== Task to complete ==
Return the lines of the data below starting at the one holding "South Africa Theme Park" and ending at the one holding "Kung Fu Panda 2 Wallpapers", word for word, leaving every picture out.

== Entries provided ==
┏━━
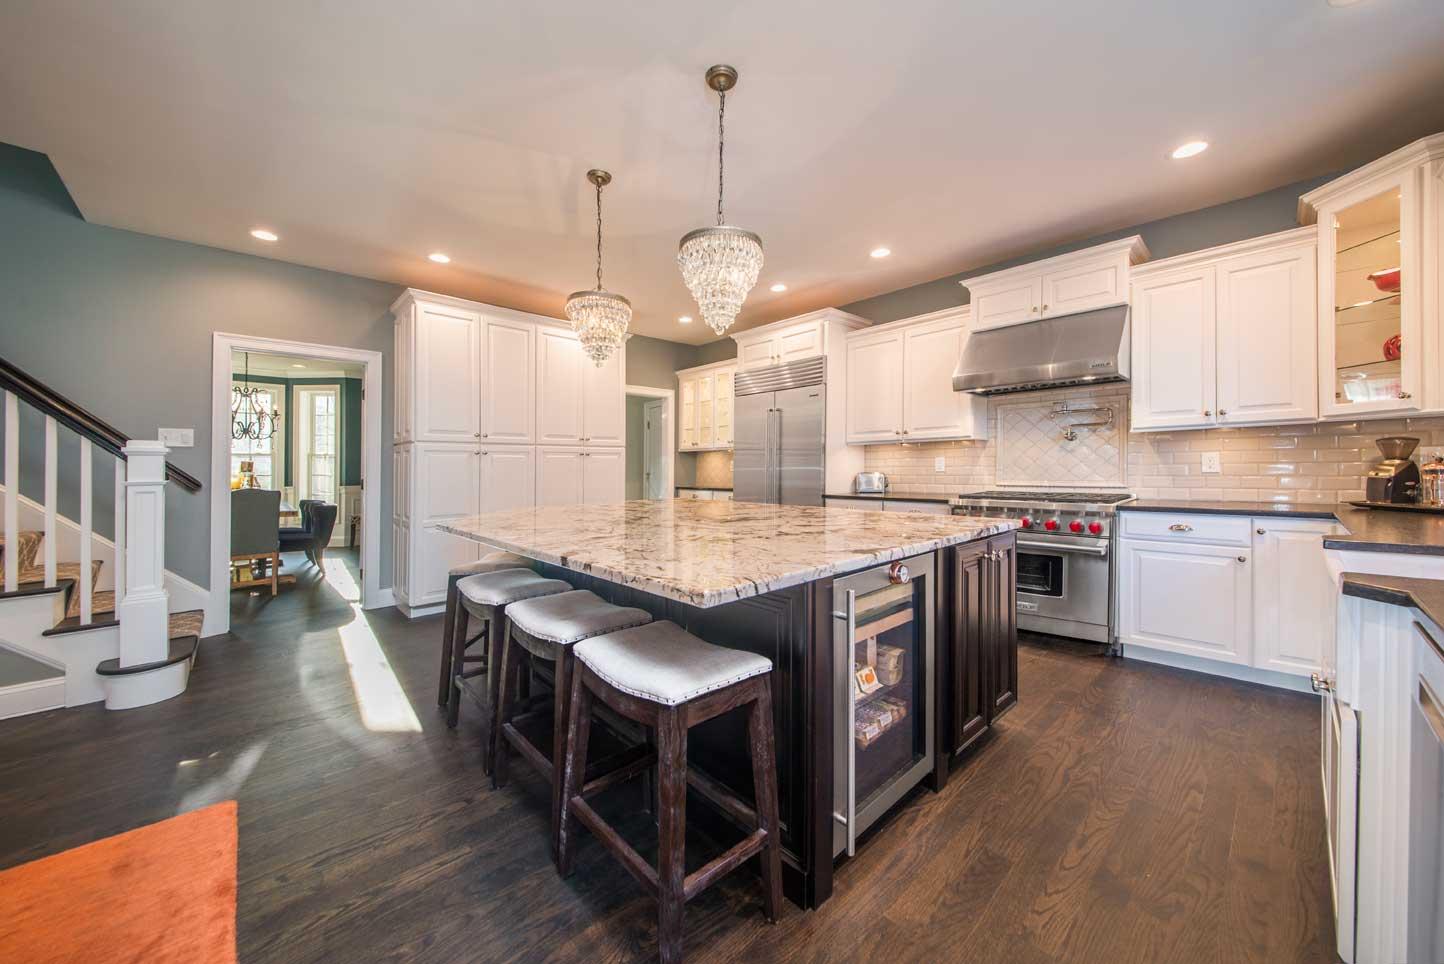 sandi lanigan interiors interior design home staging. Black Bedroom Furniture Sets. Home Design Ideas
┗━━
┏━━
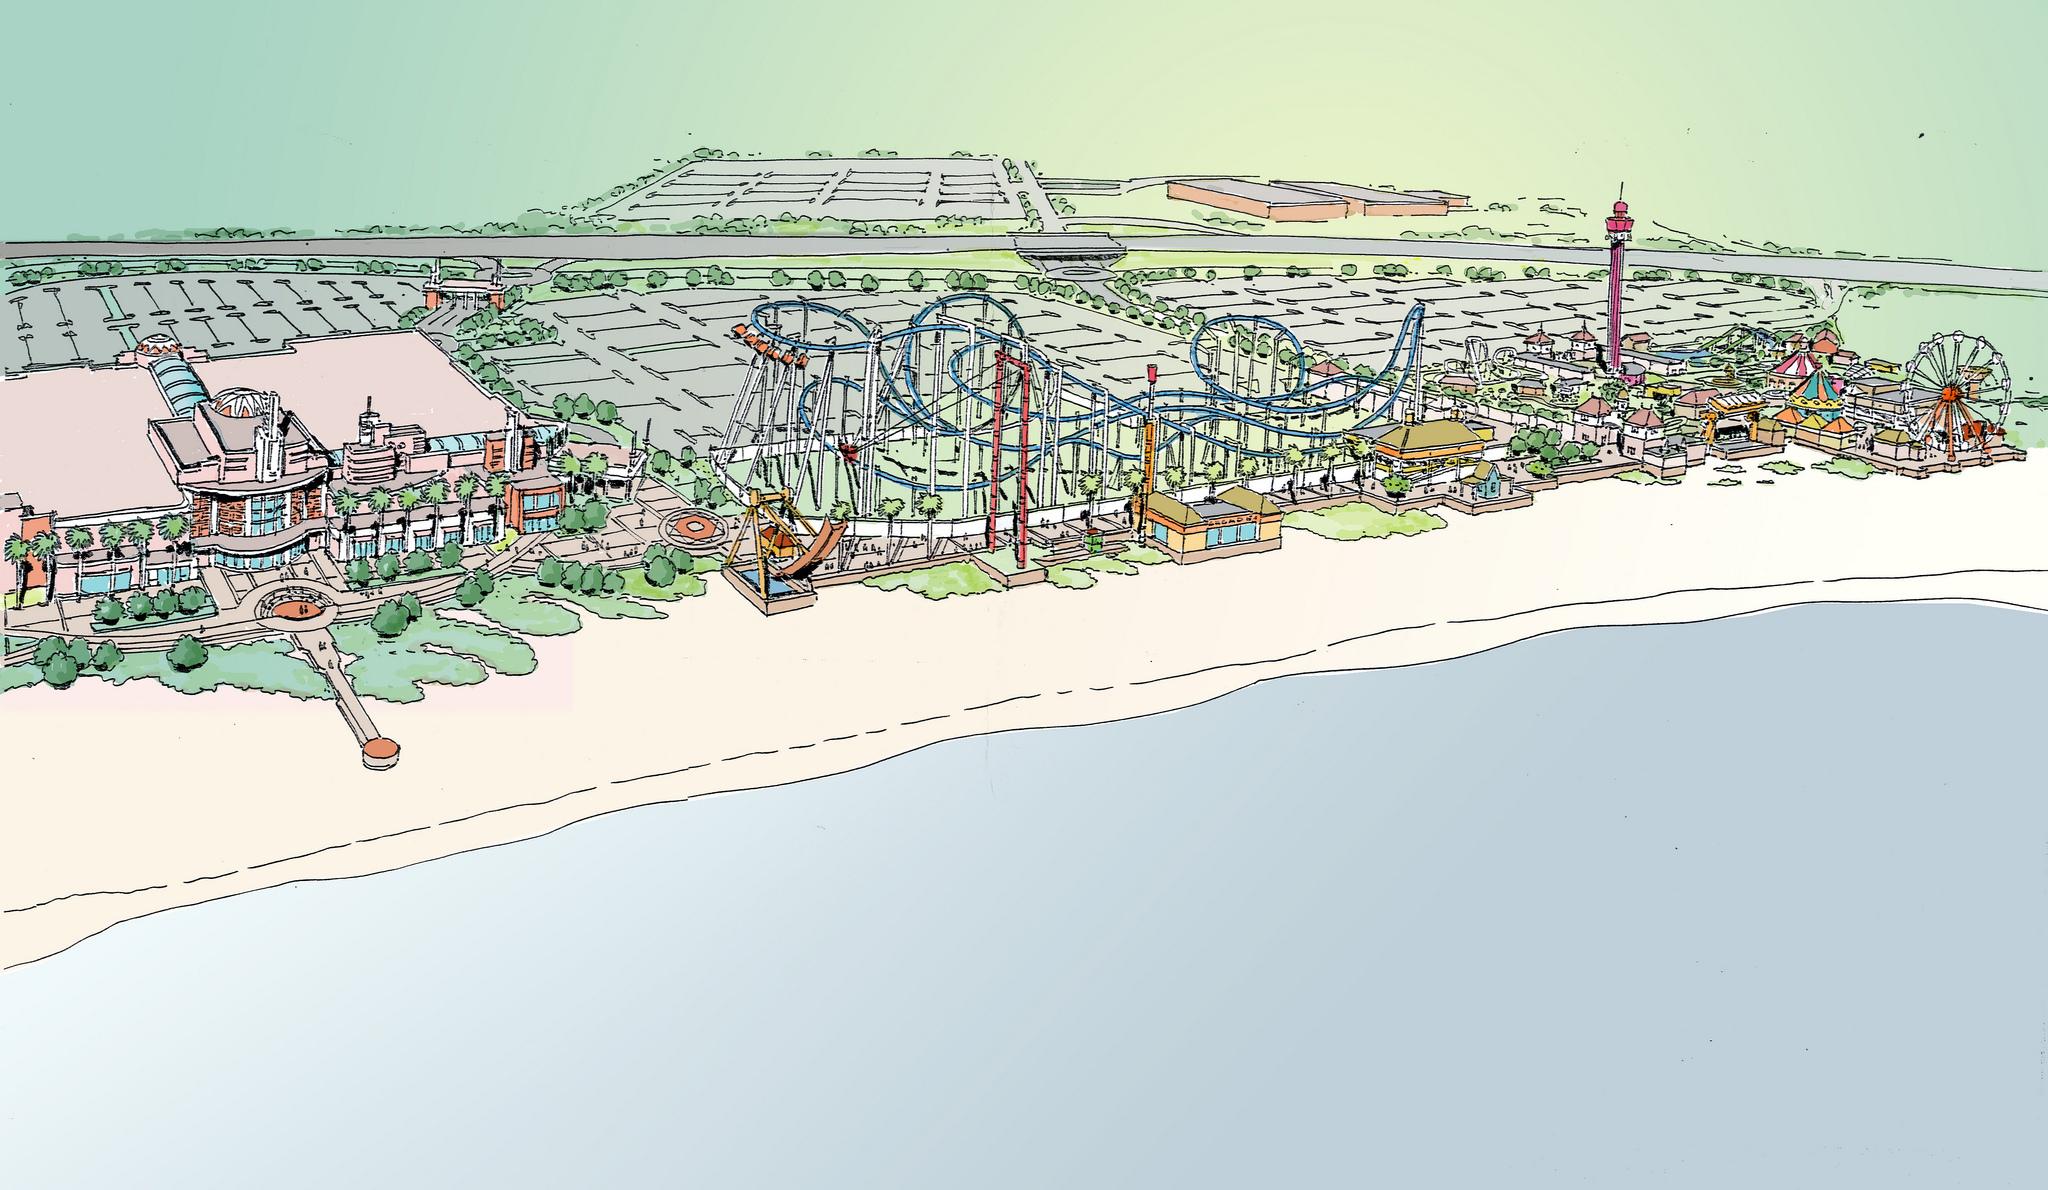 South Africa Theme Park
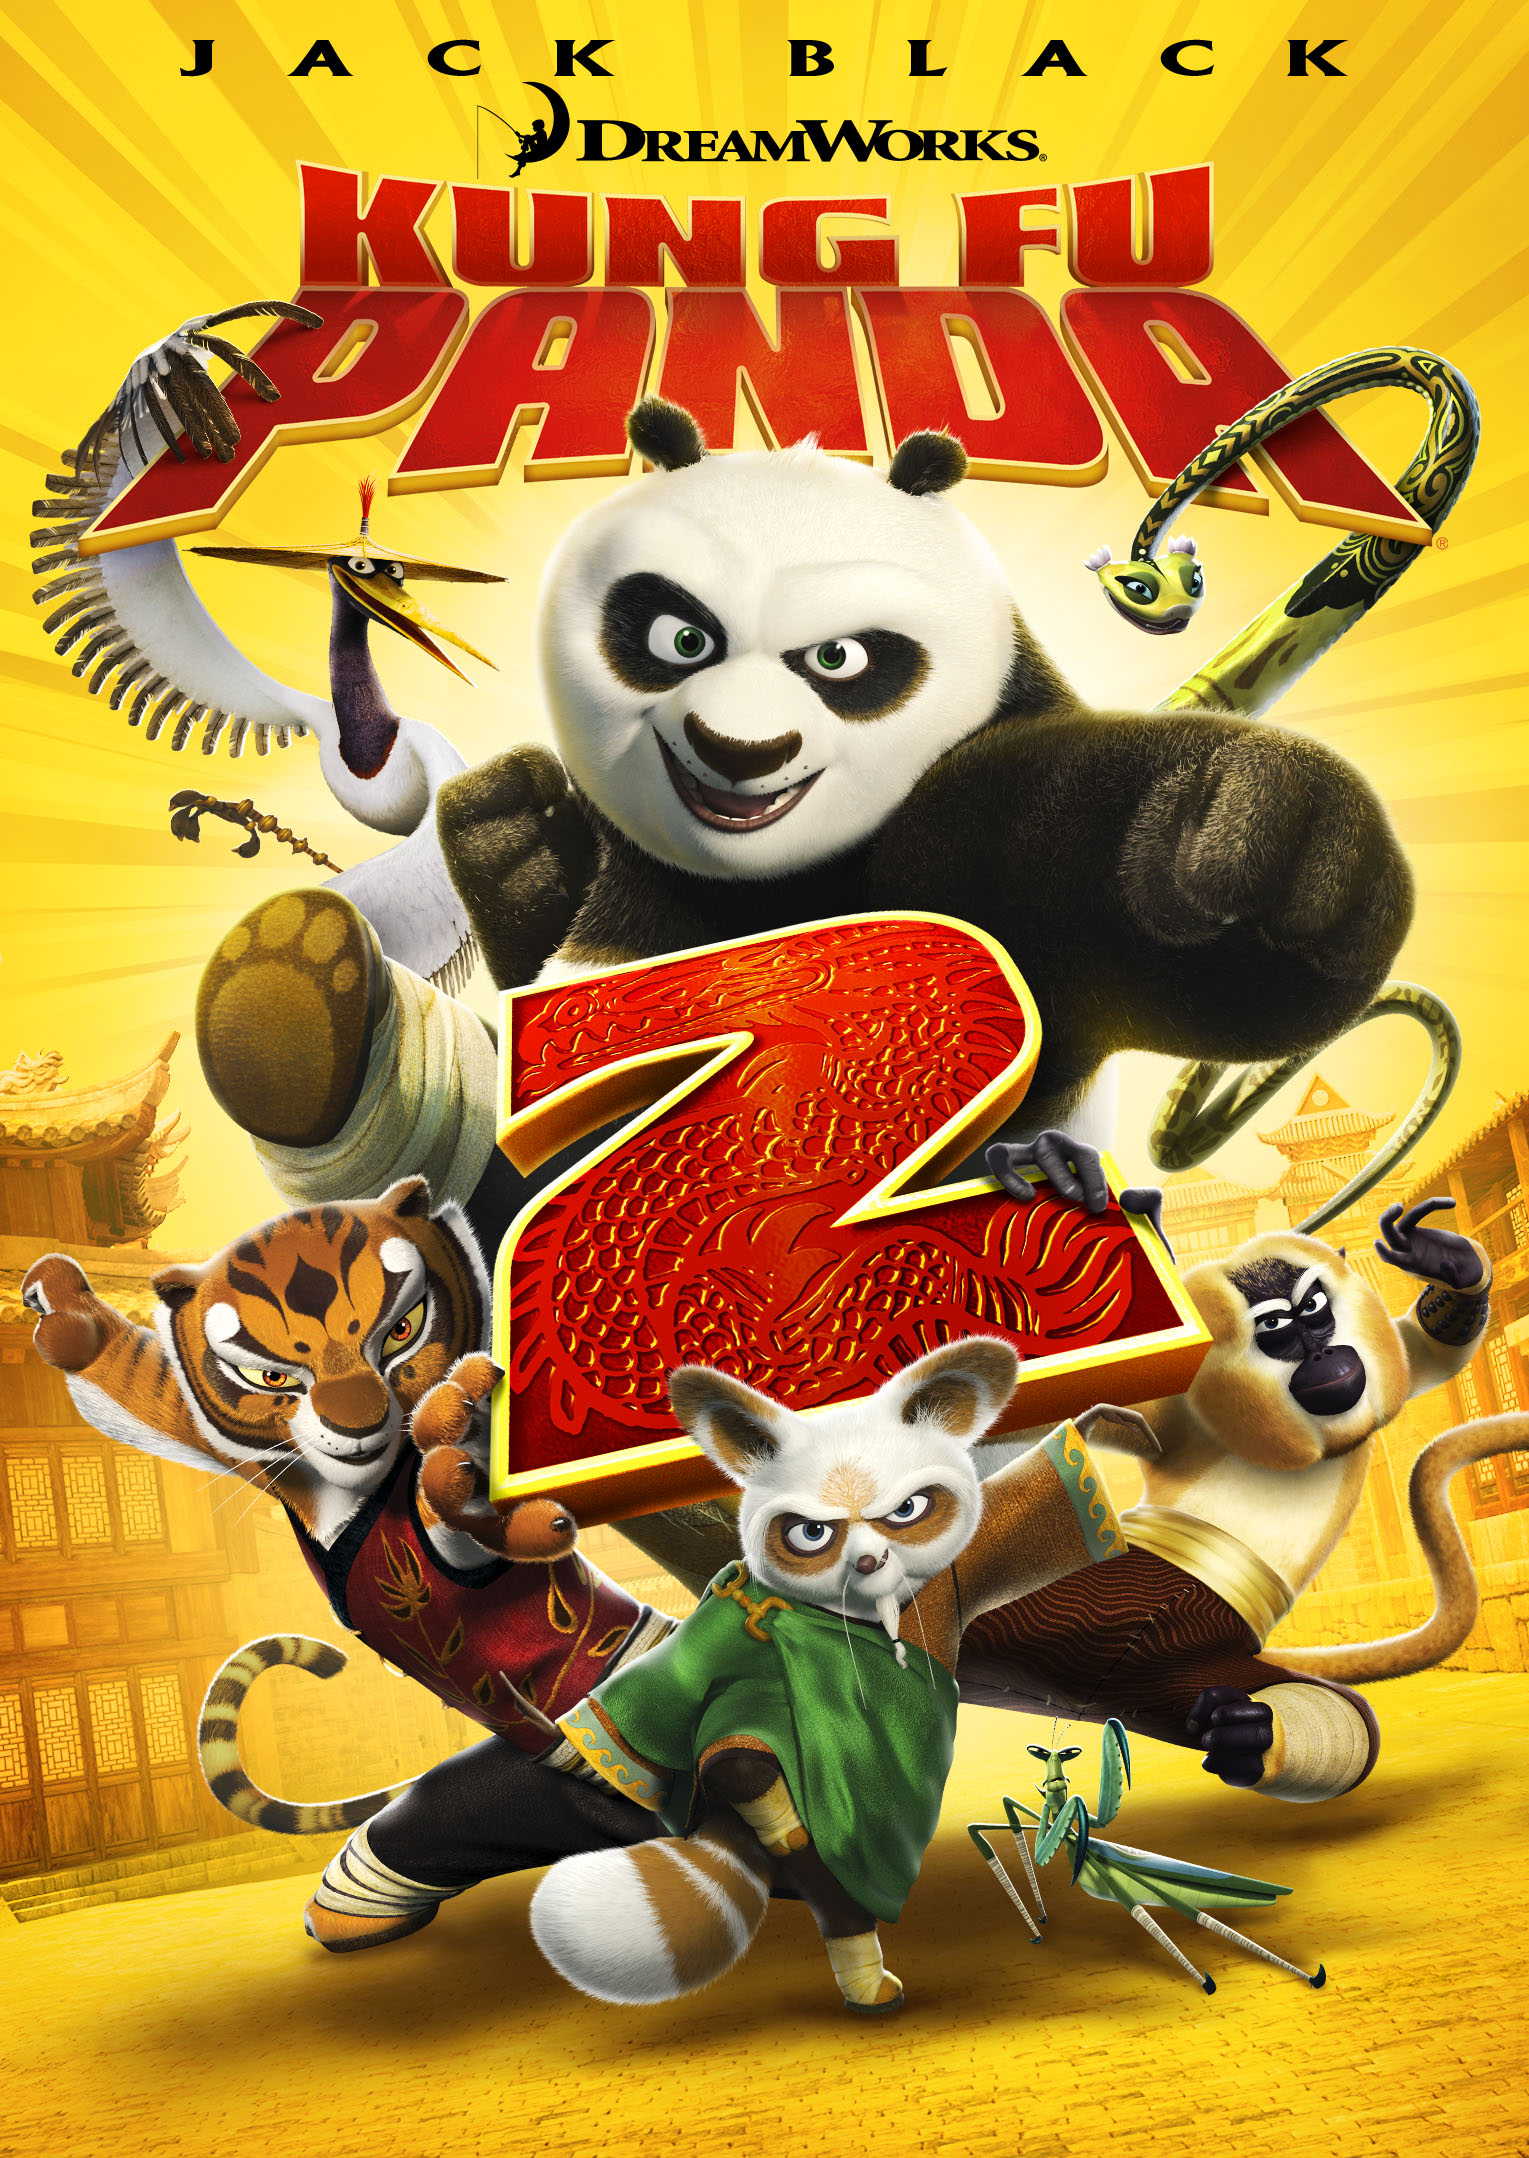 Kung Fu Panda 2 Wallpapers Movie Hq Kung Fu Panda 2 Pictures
┗━━
== Exercise solution ==
 South Africa Theme Park
 Kung Fu Panda 2 Wallpapers Movie Hq Kung Fu Panda 2 Pictures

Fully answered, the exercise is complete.